Giving Dolly back her telephone with an ironic bow, I went upstairs to Bona Fides. Jack Copeland’s mud coloured jersey had a dark blue darn on the chest and a fraying stretch of ribbing on the hip. He was picking at a loose thread and making it worse.
‘Anything on Kraye yet?’ I asked. ‘Or is it too early?’
‘George has got something on the prelim, I think,’ he answered. ‘Anybody got any scissors?’ A large area of jersey disintegrated into ladders. ‘Blast.’
Laughing, I went over to George’s desk. The prelim was a sheet of handwritten notes in George’s concertinaed style. ‘Leg mat, 2 yrs. 2 prev, 1 div, 1 sui dec.’ it began, followed by a list of names and dates.
‘Oh, yeah?’I said.
‘Yeah.’ He grinned. ‘Kraye was legally married to Doria Dawn, nee Easterman, two years ago. Before that he had two other wives. One killed herself; the other divorced him for cruelty.’ He pointed to the names and dates.
‘So clear,’ I agreed. ‘When you know how.’
‘If you weren’t so impatient you’d have a legible typed report. But as you’re here…’ He went on down the page, pointing. ‘Geologists think him a bit eccentric… quartz has no intrinsic value, most of it’s much too common, except for the gem stones, but Kraye goes round trying to buy chunks of it if they take his fancy. They know him quite well along the road at the Geology Museum. But not a breath of any dirty work. Clubs… he belongs to these three, not over-liked, but most members think he’s a brilliant fellow, talks very well. He gambles at Crockfords, ends up about all square over the months. He travels, always first-class, usually by boat, not air. No job or profession, can’t trace him on any professional or university lists. Thought to live on investments, playing the stock market,
‘No talk of him being crooked in any way?’
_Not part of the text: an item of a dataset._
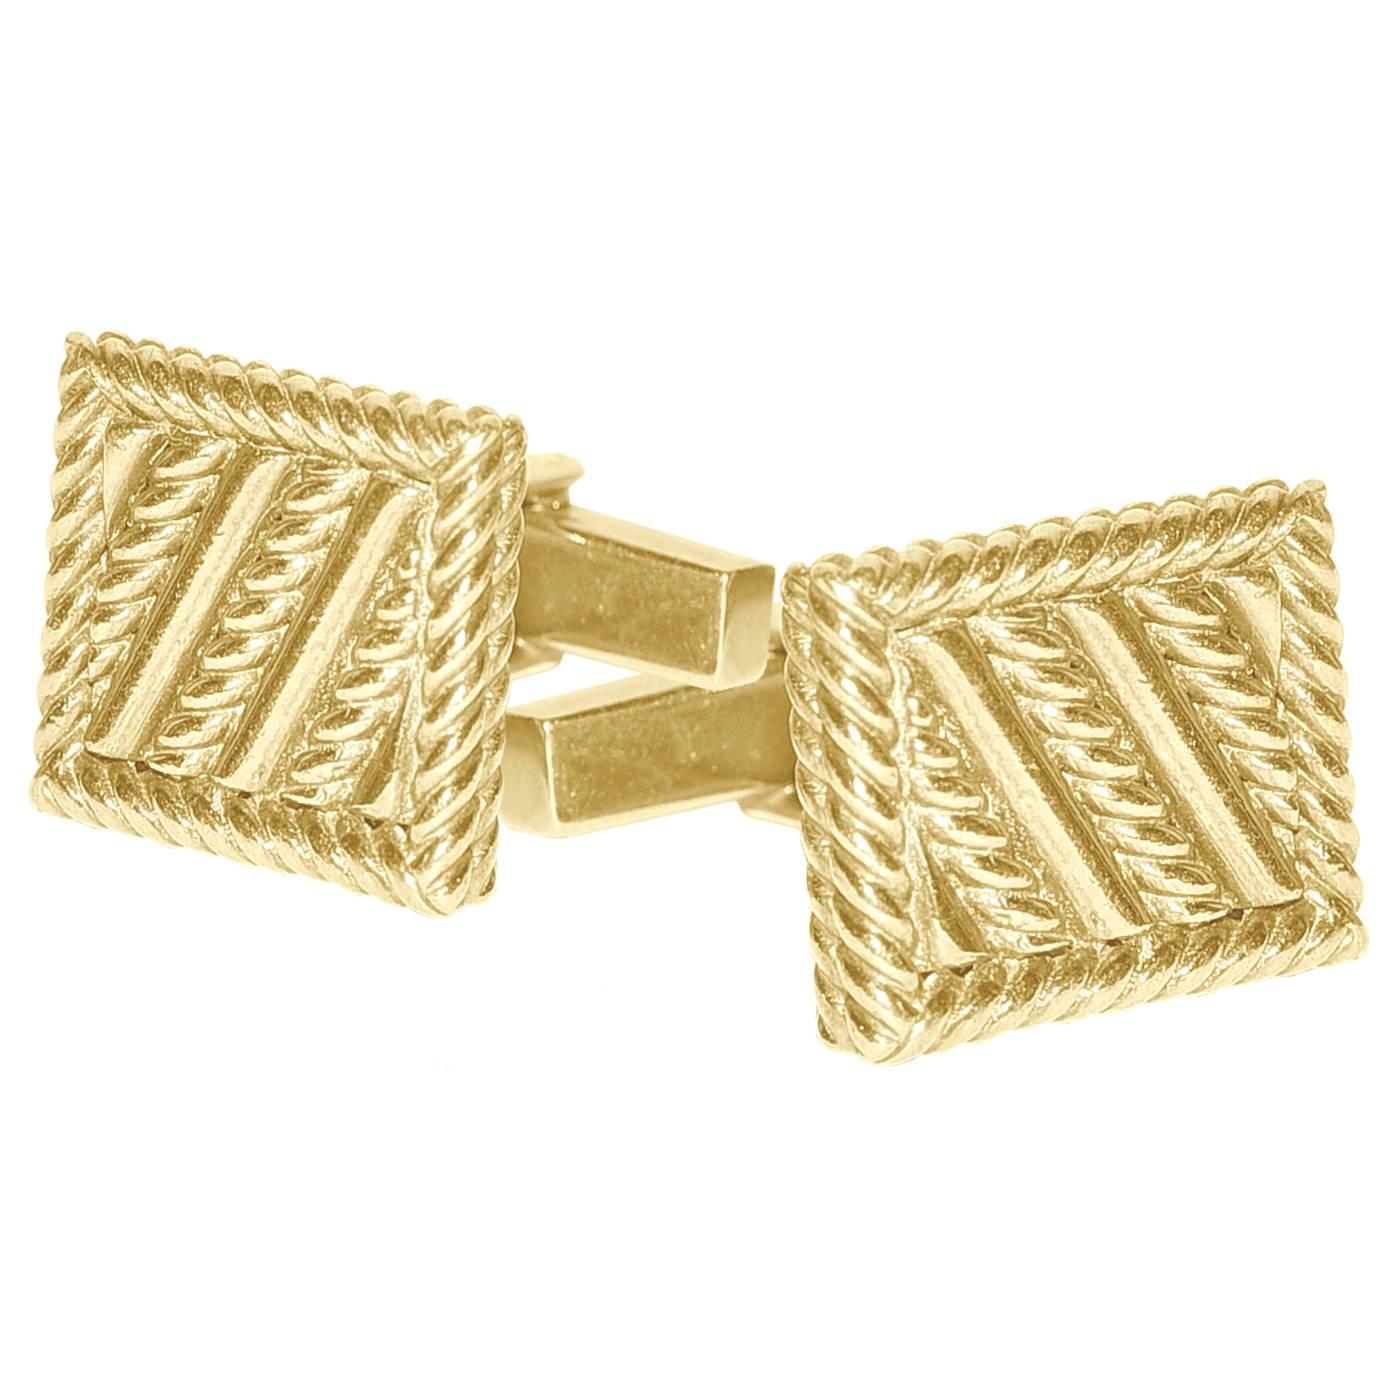 Tiffany & Co. Gold Cufflinks

‘Not a word. You want him dug deeper?’
‘If you can do it without him finding out.’
George nodded. ‘Do you want him tailed?’
‘No, I don’t think so. Not at present.’ A twenty-four-hour tail was heavy on man-power and expensive to the client, quite apart from the risk of the quarry noticing and being warned of the hunt. ‘Anything on his early life?’ I asked.
George shook his head. ‘Nothing. Nobody who knows him now has known him longer than about ten years. He either wasn’t born in Britain, or his name at birth wasn’t Kraye. No known relatives.’
‘You’ve done marvels, George. All this in one day.’
‘Contacts, chum, contacts. A lot of phoning, a bit of pubbing, a touch of gossip with the local tradesmen… nothing to it.’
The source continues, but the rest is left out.